# How To Describe a Vizsla



## luv2laugh (Oct 6, 2011)

*Anonymous:* "oooooh what kind of puppy is that?" "Is it a doxie?" "Is it a hound?"

*Me:* "He's a little vizsla! "

*Anonymous* "What's that?"


What is your go to answer? I found that some people know what a Weimaraner is, so I say, he'll look kind of like a Weimaraner, but smaller and this copper color. Otherwise, I don't know what to say.

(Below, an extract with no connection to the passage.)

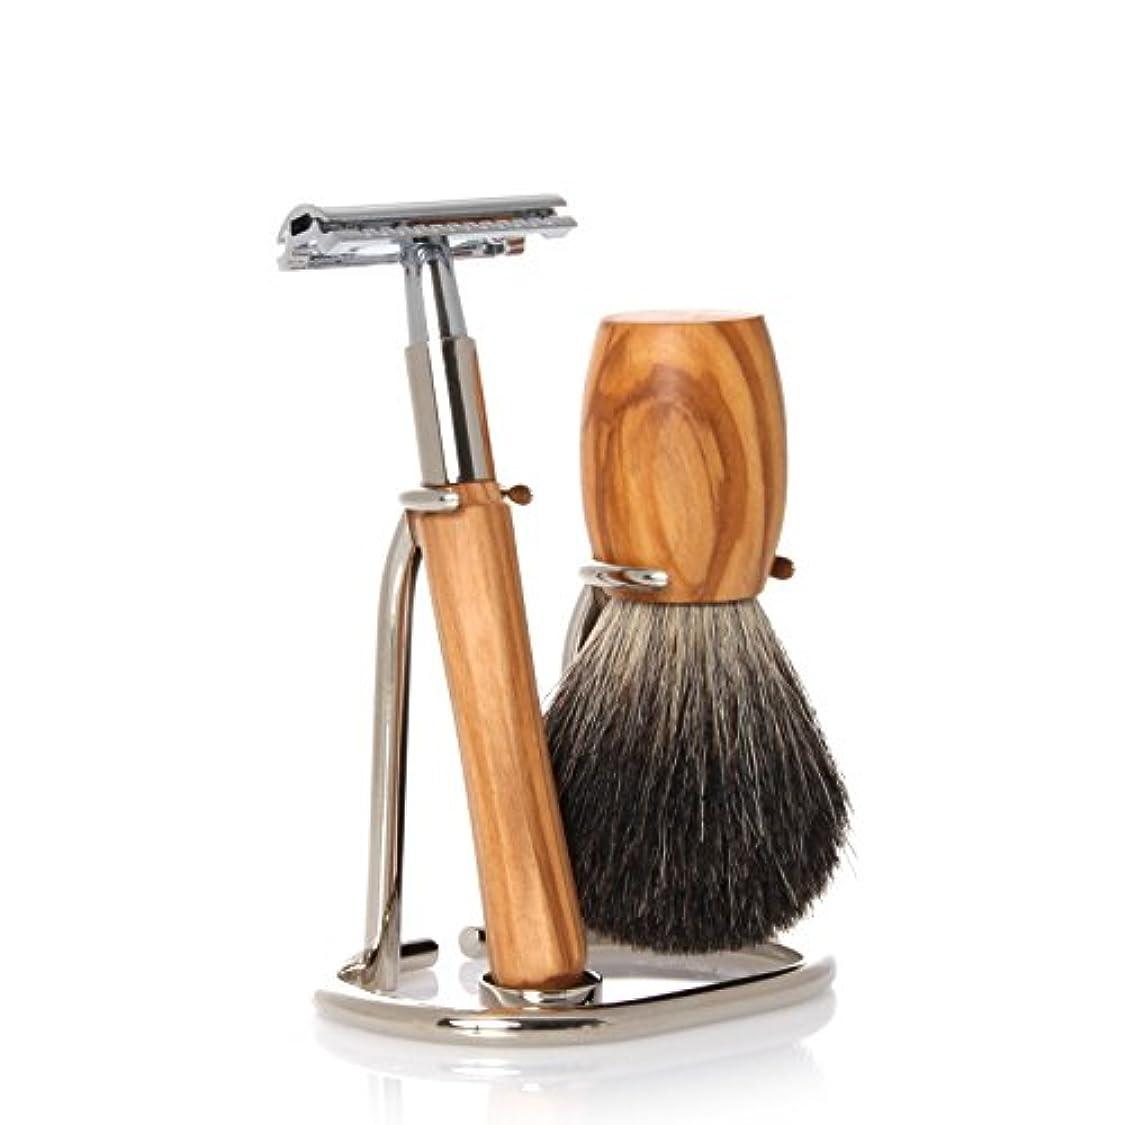 GOLDDACHS Shaving Set, Safety razor, 100% badger hair, olive wood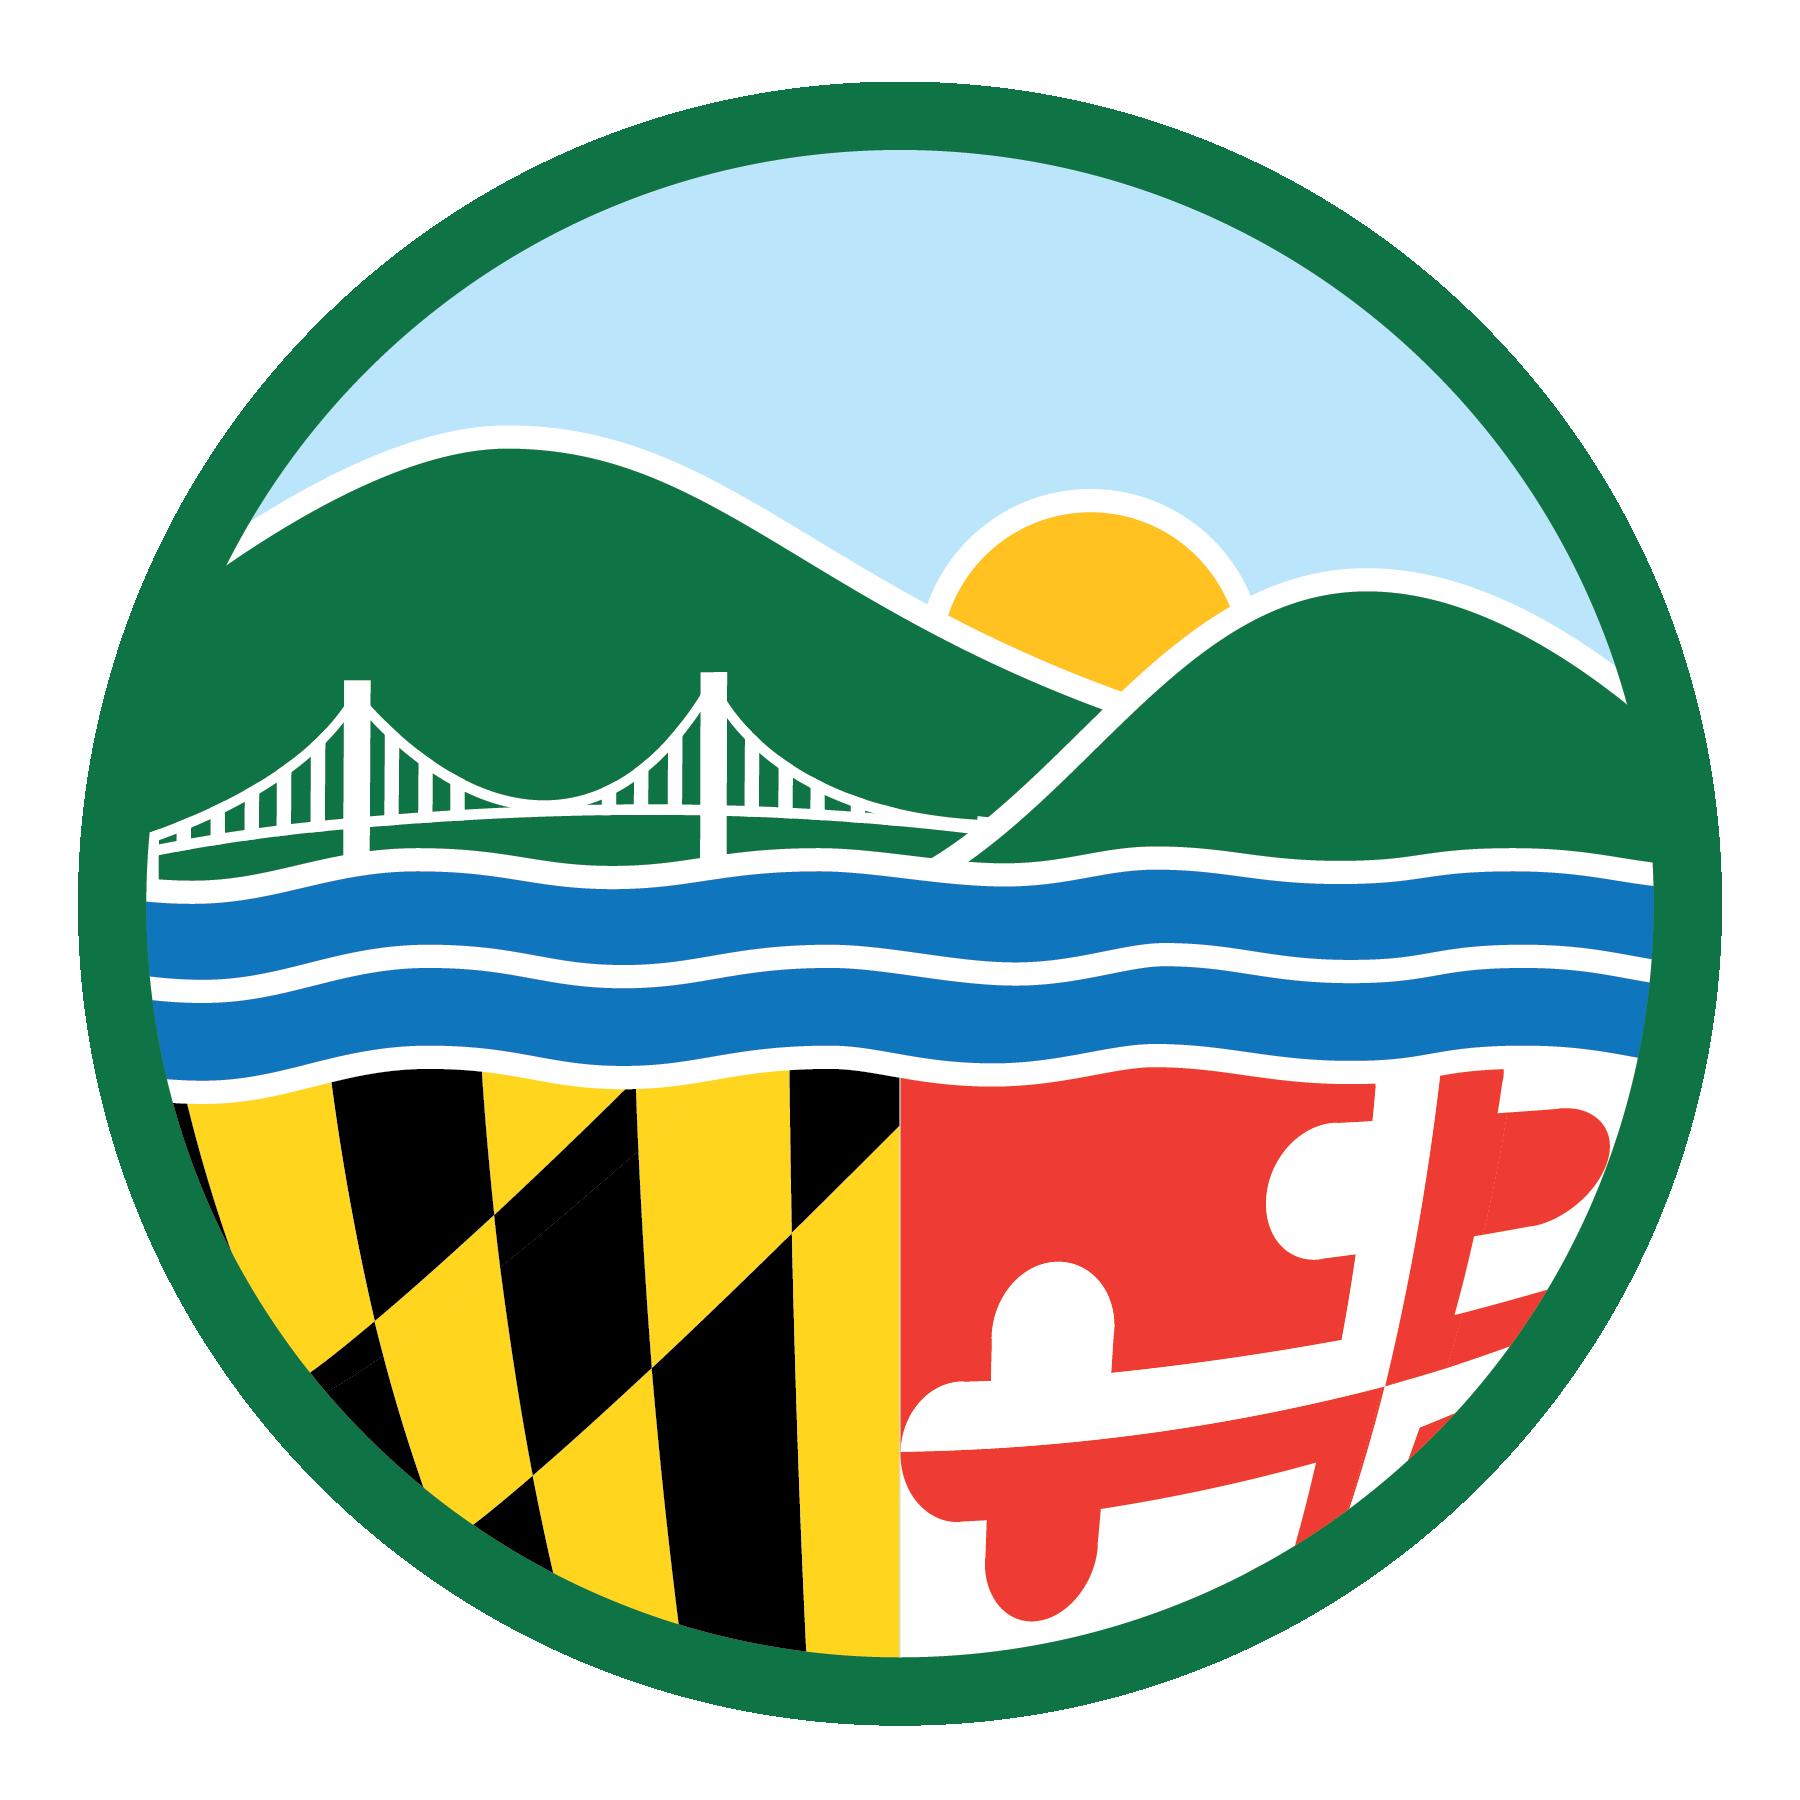 Mde downloads circular symbol. Environment clipart environment logo

I've had 3 people come up to me, just SOOOO excited that he's a vizsla saying they used to have one or has one or has a friend who has them. That is always fun!!


----------



## datacan (May 15, 2011)

Hungarian short hair pointer.... If Vizsla is too strange a name.


----------



## Evelyn (Mar 5, 2011)

Yea when my vizsla Chili was a puppy, some people thought he was a labrador, a few people even asked if he was a dachshund!!! I guess it's expected since we live in Hong Kong and there's very little knowledge of dog breeds here. My answer was "erm...." completely speechless. Now I usually say he's a hunting breed that's related to the weimaraner.....and if they don't know that breed then i just say he's a retriever lol......


----------



## harrigab (Aug 21, 2011)

pretty much same as datacan, except Ruby is wire-haired


----------



## mswhipple (Mar 7, 2011)

To answer that question, I always say "He's a Vizsla -- also known as a Hungarian Pointer." That seems to satisfy, because people can't pronounce Vizsla, but they understand "pointer".


----------



## Suliko (Sep 17, 2011)

I too say - it is a Vizsla, Hungarian shorthaired pointer, a hunting dog. I have also noticed that people who know the breed want to show their knowledge and say - oh, it's a Vizsla, isn't it? Or just - nice Vizsla!


----------



## luv2laugh (Oct 6, 2011)

I agree Suliko. There seems to be a pride which goes along with knowing its a vizsla. Thanks guys! 

aka Hungarian pointer should work nicely. Even the people at Petsmart and Petco didn't know what a vizsla was. Well now they know Oso. Their first introduction.


----------